Simulation of Adsorption Mechanisms of Methane and Carbon Dioxide in Shale Matrix

J. G. Moreira [1], A. L. Manriquez [1],
[1] Texas A&M University - Kingsville, Kingsville, TX, USA
Veröffentlicht in 2018

The aim of this research is to contribute with the development of Carbon Capture and Storage techniques by studying carbon dioxide (CO2) adsorption mechanisms in shale reservoirs. Gas desorption is considered a major gas production mechanism and has a relevant role in shale gas reservoirs. In addition to methane adsorption/desorption mechanisms, there is high interest in studying CO2 adsorption to estimate the potential for Enhance Oil Recovery (EOR) as well as carbon sequestration.

According to Kang et al. (2011), CO2 shows higher adsorption capacity than CH4. Their laboratory results successfully fit Langmuir isotherm model. Sun et al. (2013) and Prajapati and Mills (2014) modeled the flux of gas in shale matrix and coupled it with the Langmuir adsorption mechanism. Jin and Firoozabadi (2014) performed numerical simulation to explain the dynamics at molecular level during CH4 and CO2 adsorption in clay. They identified that, under water presence in the porous media, water competes with CO2 or CH4 for surface area in small nano-pores, and in other cases CO2 or CH4 form a weak second adsorption layer. This phenomenon cannot be modeled by a Langmuir adsorption isotherm. Feng et al. (2018) have measured the N2 adsorption capacity of clay samples under different water content and fit their results under a multilayer adsorption model. They inferred that the adsorption contribution to gas storage might be diminished under high water presence.

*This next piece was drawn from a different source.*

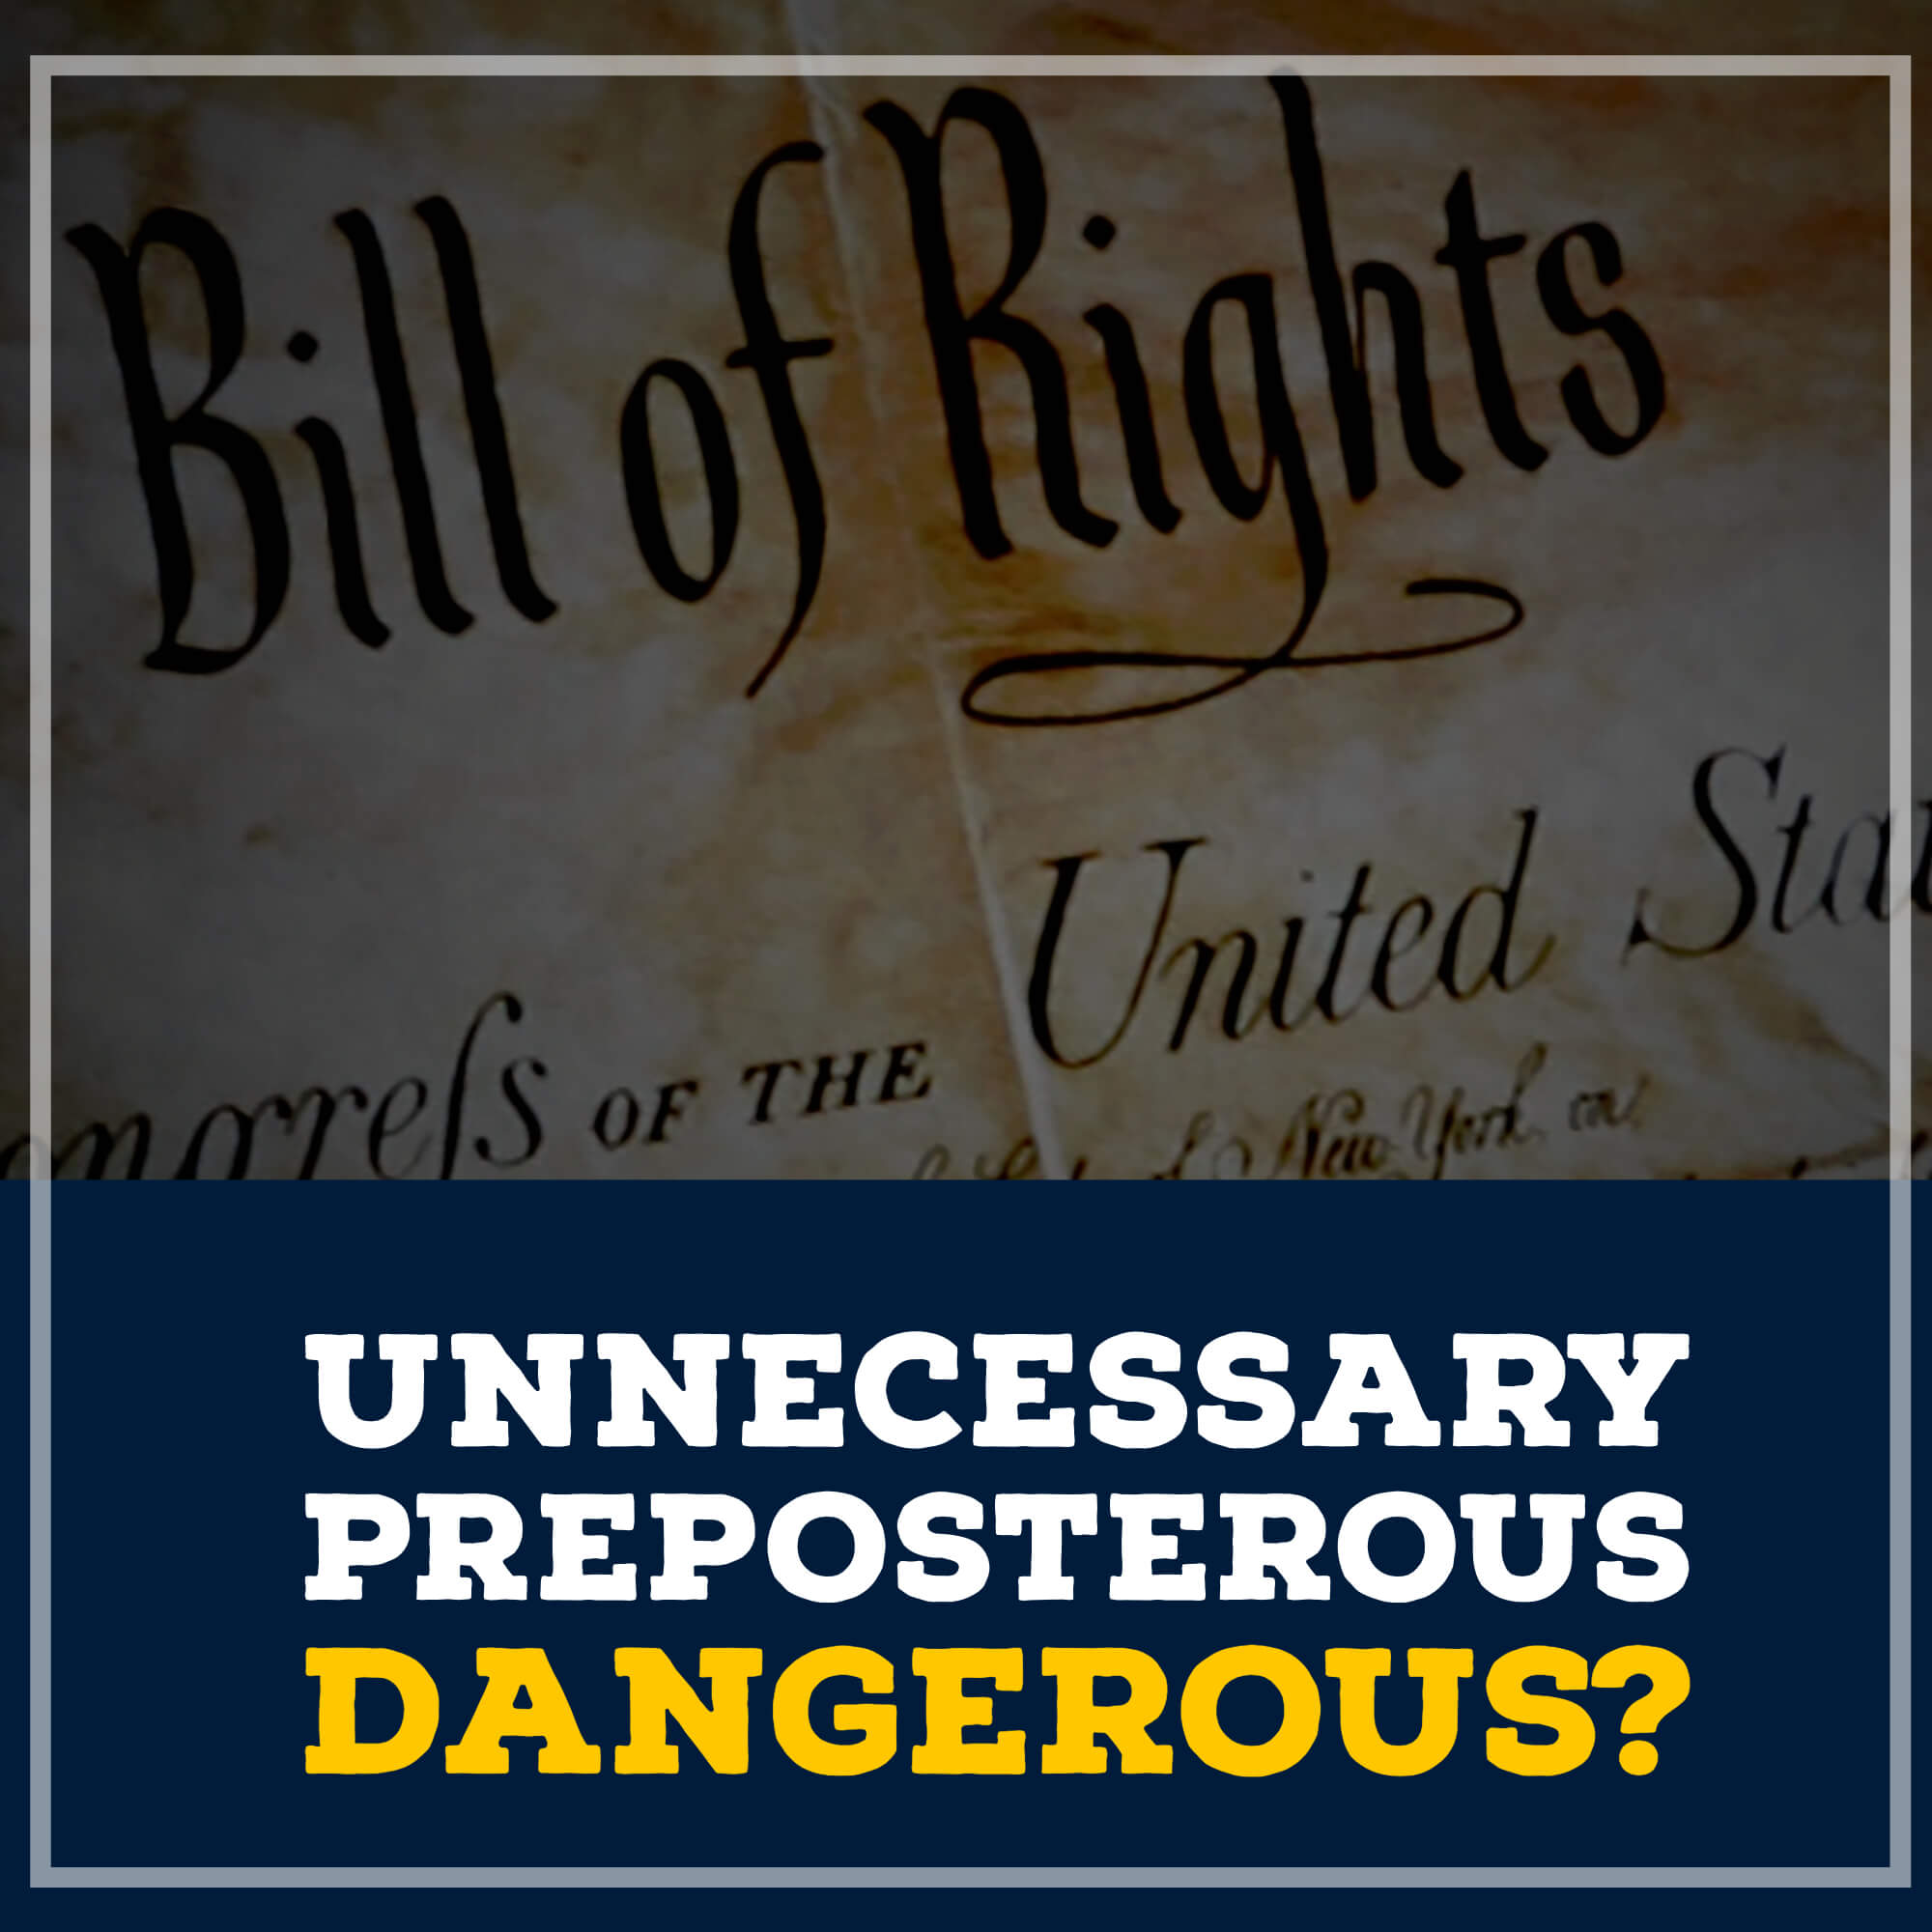 Bill of Rights: Unnecessary and Dangerous?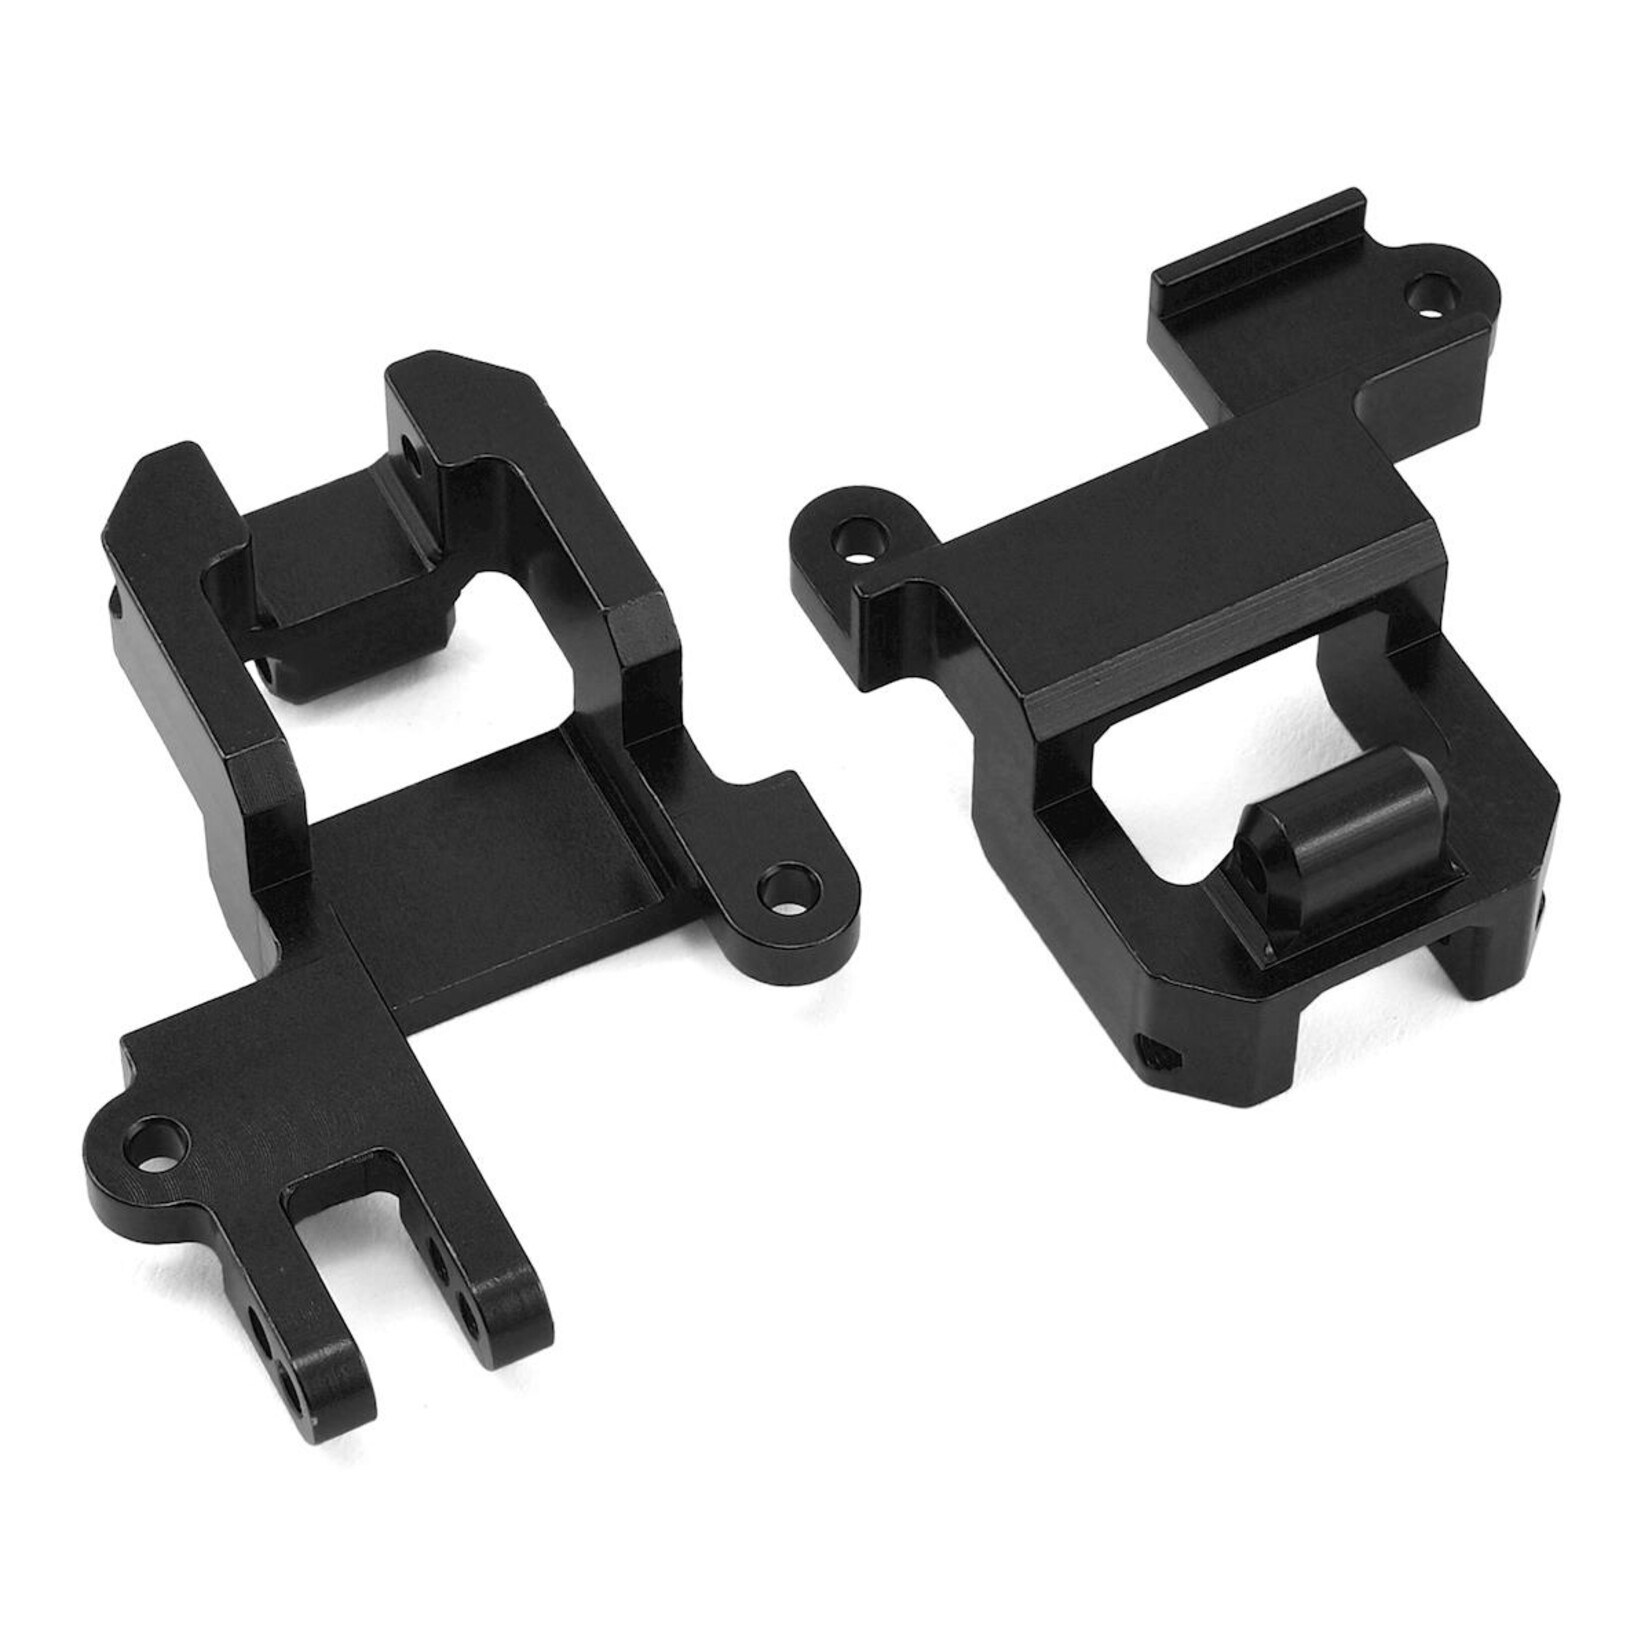 ST Racing Concepts ST Racing Concepts Traxxas TRX-4 HD Front Shock Towers/Panhard Mount (Black) #ST8216FBK

This study extends the previous works and focus in the modeling of CH4 and CO2 adsorption in shale reservoirs at micro to nano-scale by the use of COMSOL Multiphysics. The modeling of both physics, gas flux and adsorption, have been accomplished applying the Transport of Diluted Species in Porous Media module. Adsorption of CH4 and CO2 in shale matrix assuming no water content was analyzed by using Langmuir, Freundlich, and Brunauer-Emmett-Tellet (BET) Isotherm models. Freundlich and BET adsorption models are not restricted to monolayer formation and could be considered as a potential approach for modeling under water presence. These adsorption models were coupled with an equation for gas flux from the fracture to the shale particle surface. As a first approximation, the Wilke model was used to compute gas flux due to its simplicity and minimum computational requirements. Because former studies state that Knudsen diffusion should be considered for a more accurate representation of gas flux through the nano-porous matrix, Wilke-Bosanquet equation was also implemented as a second approximation for the flux modeling. Our results indicate that Langmuir and Freundlich adsorption models provide similar values. A small deviation was found at low pressures. Therefore, it was concluded that Freundlich model can be used for modeling gas adsorption in shales under conditions where the existence of monolayer is not guaranteed.